Adam Lindenthal · Adam Lindenthal · commit b39272600dd7 · 2015-05-19T16:13:29.000+02:00
Change-Id: Ic75721e07fff6b5528fecff4b94cb6e19a9b3675
diff --git a/core-server/src/main/java/org/glassfish/jersey/server/internal/ContainerUtils.java b/core-server/src/main/java/org/glassfish/jersey/server/internal/ContainerUtils.java
@@ -1,7 +1,7 @@
 /*
  * DO NOT ALTER OR REMOVE COPYRIGHT NOTICES OR THIS HEADER.
  *
- * Copyright (c) 2010-2014 Oracle and/or its affiliates. All rights reserved.
+ * Copyright (c) 2010-2015 Oracle and/or its affiliates. All rights reserved.
  *
  * The contents of this file are subject to the terms of either the GNU
  * General Public License Version 2 only ("GPL") or the Common Development
@@ -39,36 +39,43 @@
  */
 package org.glassfish.jersey.server.internal;
 
-import javax.ws.rs.core.UriBuilder;
-import java.net.URI;
-
 /**
  * Utility methods used by container implementations.
  *
  * @author Adam Lindenthal (adam.lindenthal at oracle.com)
  */
 public class ContainerUtils {
+    private static final String[] TOKENS = {
+            "{", "}", "\\", "^", "|", "`"
+    };
+
+    private static final String[] REPLACEMENTS = {
+            "%7B", "%7D", "%5C", "%5E", "%7C", "%60"
+    };
 
     /**
      * Encodes (predefined subset of) unsafe/unwise URI characters with the percent-encoding.
-     * <p/>
-     * <p>Replaces the predefined set of unsafe URI characters in the query string with its percent-encoded counterparts. The
-     * reserved characters (as defined by the RFC) are automatically encoded by browsers, but some characters are in the "gray
-     * zone" - are not explicitly forbidden, but not recommended and known to cause issues.</p>
-     * <p/>
-     * <p>Currently, the method only encodes the curly brackets ({@code \{} and {@code \}}),
-     * if any, to allow URI request parameters to contain JSON.</p>
+     *
+     * <p>Replaces the predefined set of unsafe URI characters in the query string with its percent-encoded
+     * counterparts. The reserved characters (as defined by the RFC) are automatically encoded by browsers, but some
+     * characters are in the "gray zone" - are not explicitly forbidden, but not recommended and known to cause
+     * issues.</p>
      *
      * @param originalQueryString URI query string (the part behind the question mark character).

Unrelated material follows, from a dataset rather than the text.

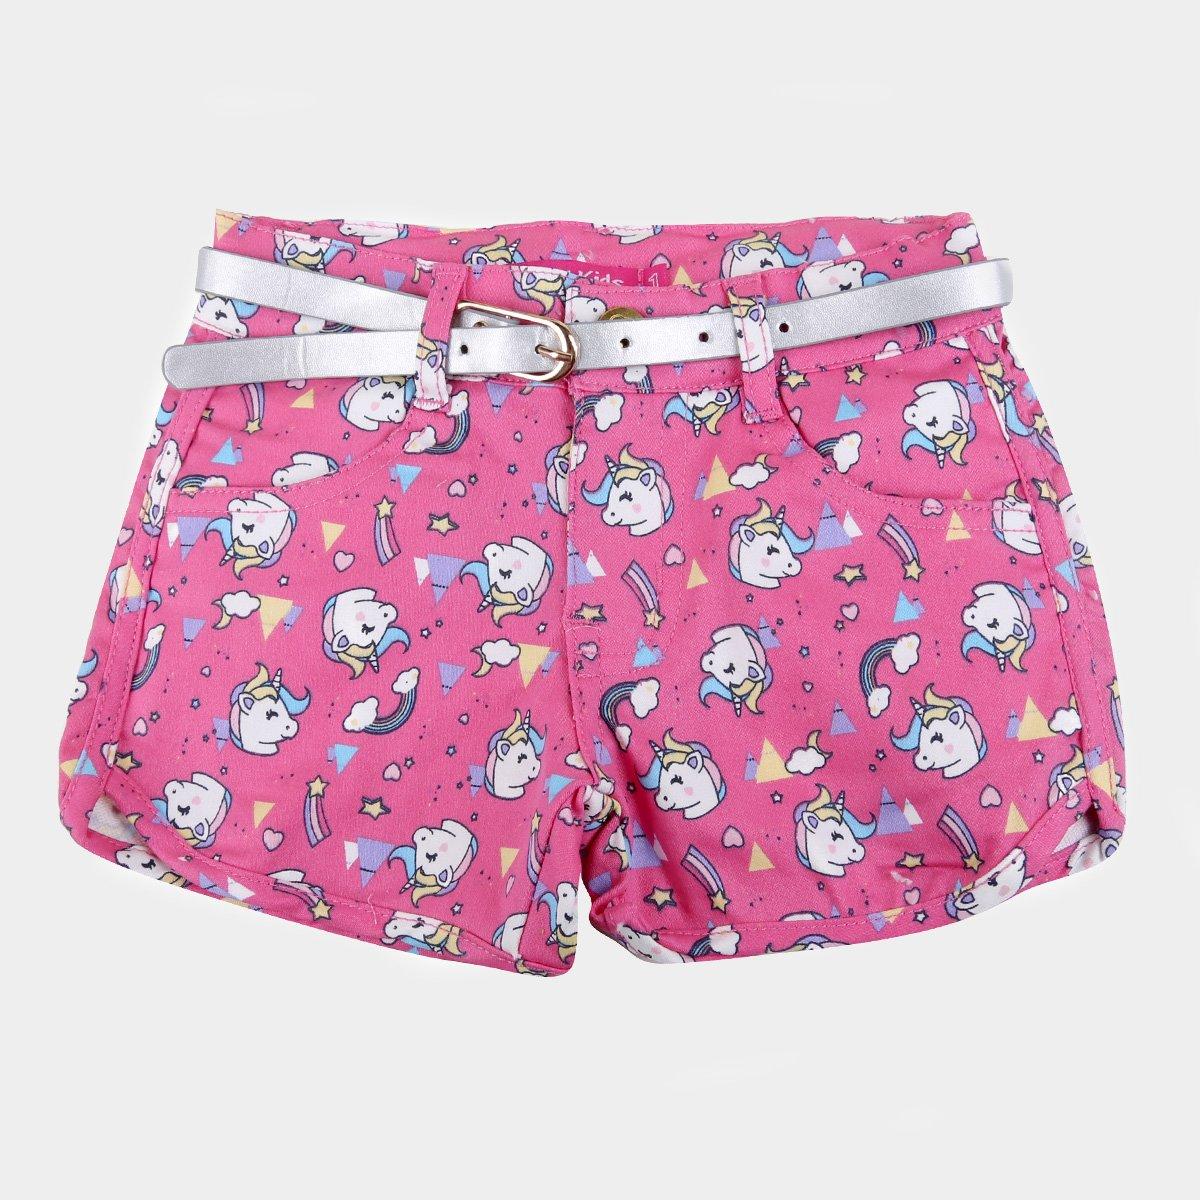 Shorts Bebê Plural Kids Cinto Unicórnio Feminino

-     * @return the same string with unsafe characters (currently only curly brackets) eventually percent encoded.
+     * @return the same string with unsafe characters percent encoded.
      */
-    public static String encodeUnsafeCharacters(String originalQueryString) {
+    public static String encodeUnsafeCharacters(final String originalQueryString) {
         if (originalQueryString == null) {
             return null;
         }
-        if (originalQueryString.contains("{") || originalQueryString.contains("}")) {
-            return originalQueryString.replace("{", "%7B").replace("}", "%7D");
+
+        String result = originalQueryString;
+        for (int i = 0; i < TOKENS.length; i++) {
+            if (originalQueryString.contains(TOKENS[i])) {
+                result = result.replace(TOKENS[i], REPLACEMENTS[i]);
+            }
         }
-        return originalQueryString;
+
+        return result;
     }
 }
diff --git a/tests/e2e/src/test/java/org/glassfish/jersey/tests/api/UnsafeCharsInUriTest.java b/tests/e2e/src/test/java/org/glassfish/jersey/tests/api/UnsafeCharsInUriTest.java
@@ -1,7 +1,7 @@
 /*
  * DO NOT ALTER OR REMOVE COPYRIGHT NOTICES OR THIS HEADER.
  *
- * Copyright (c) 2014 Oracle and/or its affiliates. All rights reserved.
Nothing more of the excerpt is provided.